2 top investment trusts for beginners

Beginner investors: these top investment trusts may be worth a closer look for a starter portfolio.

| More on:

The content of this article was relevant at the time of publishing. Circumstances change continuously and caution should therefore be exercised when relying upon any content contained within this article.

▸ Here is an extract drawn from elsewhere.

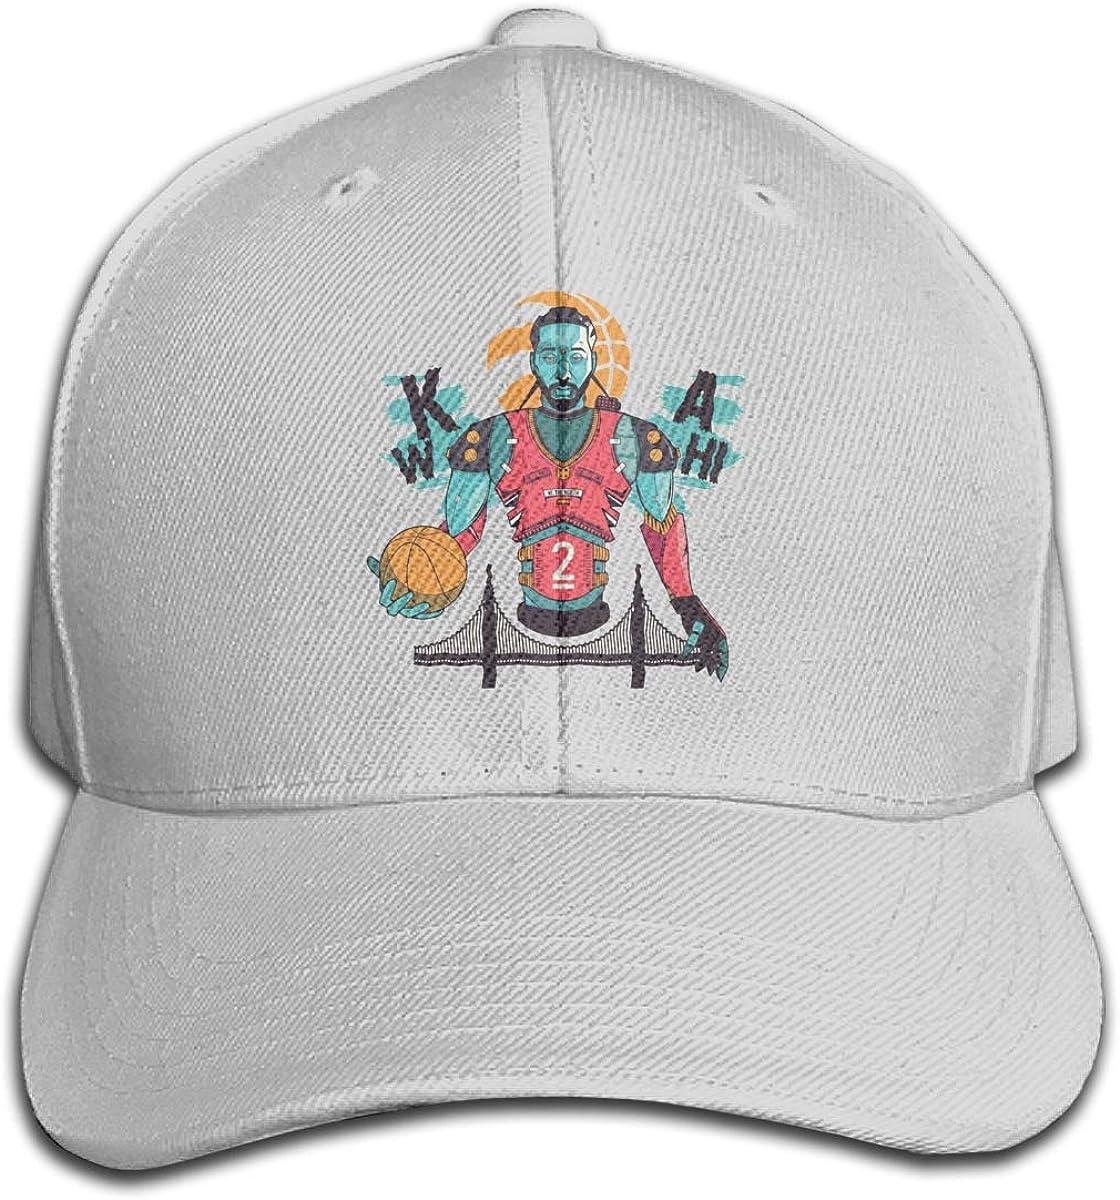 Haggai Romeo Unisex Kawhi-Leonard Pop Snapback Baseball Cap Flat Brim Hip Hop Hat Adjustable Dad Hat

You’re reading a free article with opinions that may differ from The Motley Fool’s Premium Investing Services. Become a Motley Fool member today to get instant access to our top analyst recommendations, in-depth research, investing resources, and more. Learn More.

If you are new to investing, one of the main objectives should be to get diversified exposure to a wide range of businesses. The purpose of spreading money among different investments is to reduce the potential risk to your portfolio. As such, diversification has the potential to improve risk-adjusted returns.

But unless you’re starting with a large amount of start-up capital, the transaction costs of investing in a large diversified portfolio can be expensive. Instead, it may be better to use investment trusts to get exposure to the market.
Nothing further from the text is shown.